Dt 30:15-20; Lk 9:22-25

My late father grew up in the era of Fulton J. Sheen and Fr. Smith Instructs Jackson, a 1950s compendium of Catholic answers to questions posed by straw man non-Catholics, agnostics and atheists. A good Catholic was to be ready to respond to attacks on the faith or to turn a wavering soul into a convert. A man across the alley was Dad’s chance at a jewel in his heavenly crown. So, Felix was invited over for coffee, a game of chess and the “speech.”

We listened from the other room and could tell at the rising timbre of his voice that my father was about to spring it on him once Felix was rendered helpless by cordiality.  It was apologetics at its best, mixed with my father’s natural gifts as salesman and storyteller, and it always ended with the quote from today’s Gospel: “What does it profit a man to gain the whole world and lose his immortal soul.”

Those words, in the context of that childhood memory, still send a chill down my spine.
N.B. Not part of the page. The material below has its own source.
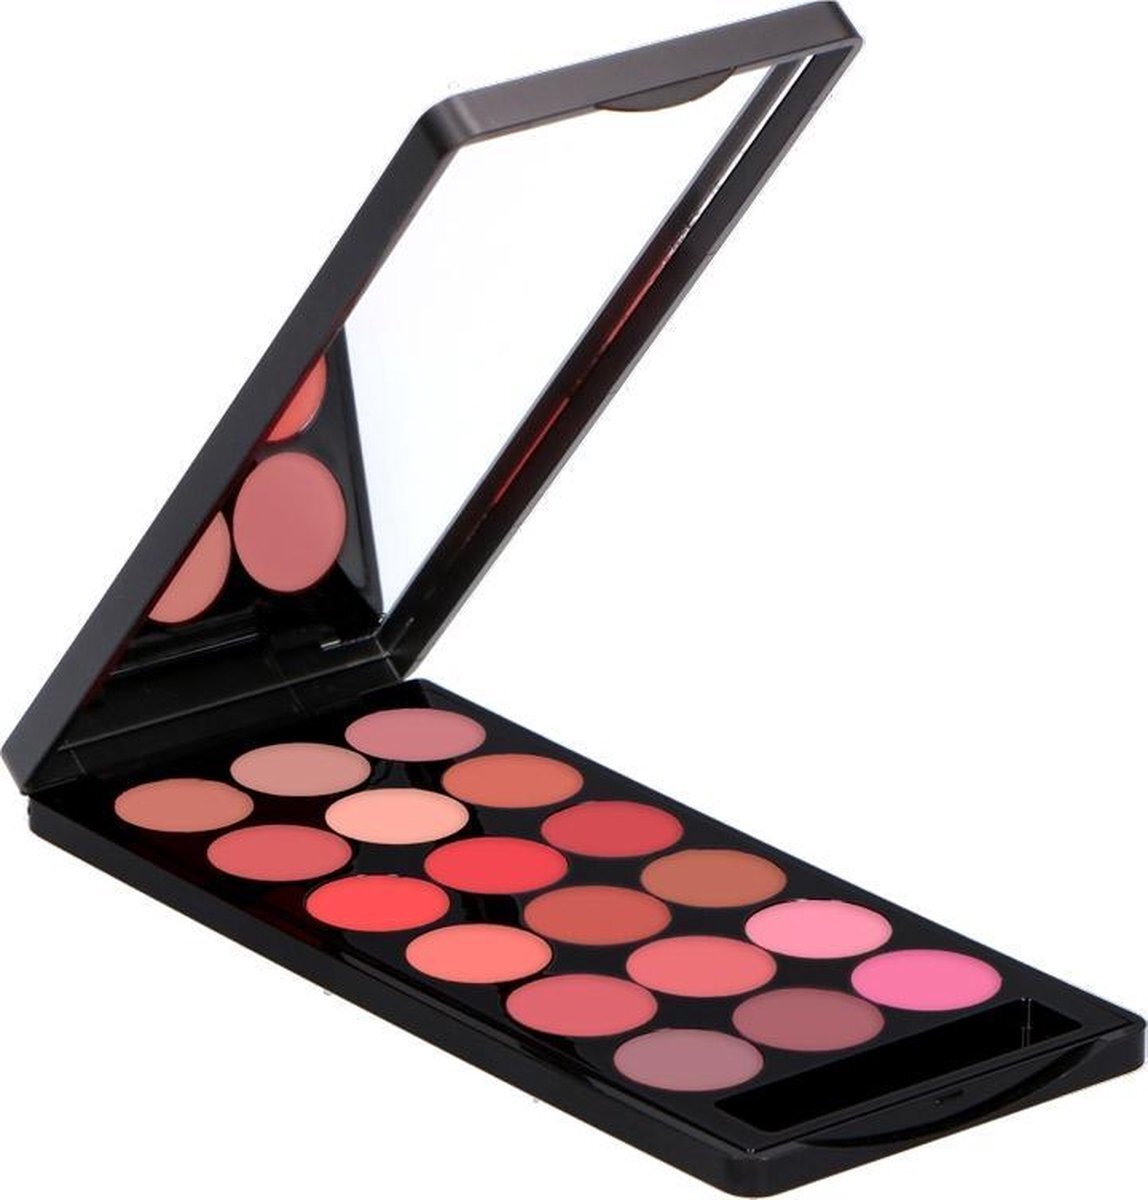 Make-up Studio Lipcolourbox met 18 kleuren lippenstift - 5

I imagine life’s pleasures, power and riches (all that candy) piled up before me, reaching out to possess me, only to find myself hurtling into the pit of hell, my immortal soul lost forever.

We begin the season Lent with less theater and perhaps a more nuanced understanding of the “fundamental option” we gradually choose by seeking or ignoring a relationship with God and a conscious focus on what will take up our time, attention and energy. Human maturity and spiritual growth require the same sincerity and effort and, in a real sense, all paths lead to the ultimate reality. Being a serious atheist or amoral person takes a lot of work, but it is a choice. The greater danger for most people is to simply drift in a half-life of reacting rather than choosing, never getting around to setting goals or taking themselves seriously as seekers.

Jesus was also a good storyteller and a bit of a salesman, and he sets us up to decide in our hearts if we will follow him. Talk of the cross can be unsettling, but I think what he meant was, “Shoulder the weight your own life and see how challenging it is.”  Anyone who has ever played chess knows this. If you agree to play, everything is one the line, win or lose. How may people just say, "I don't play chess." 

I can picture my Irish father and our next-door neighbor Felix, both gone now, having coffee after a hot game and congratulating each other on getting into heaven.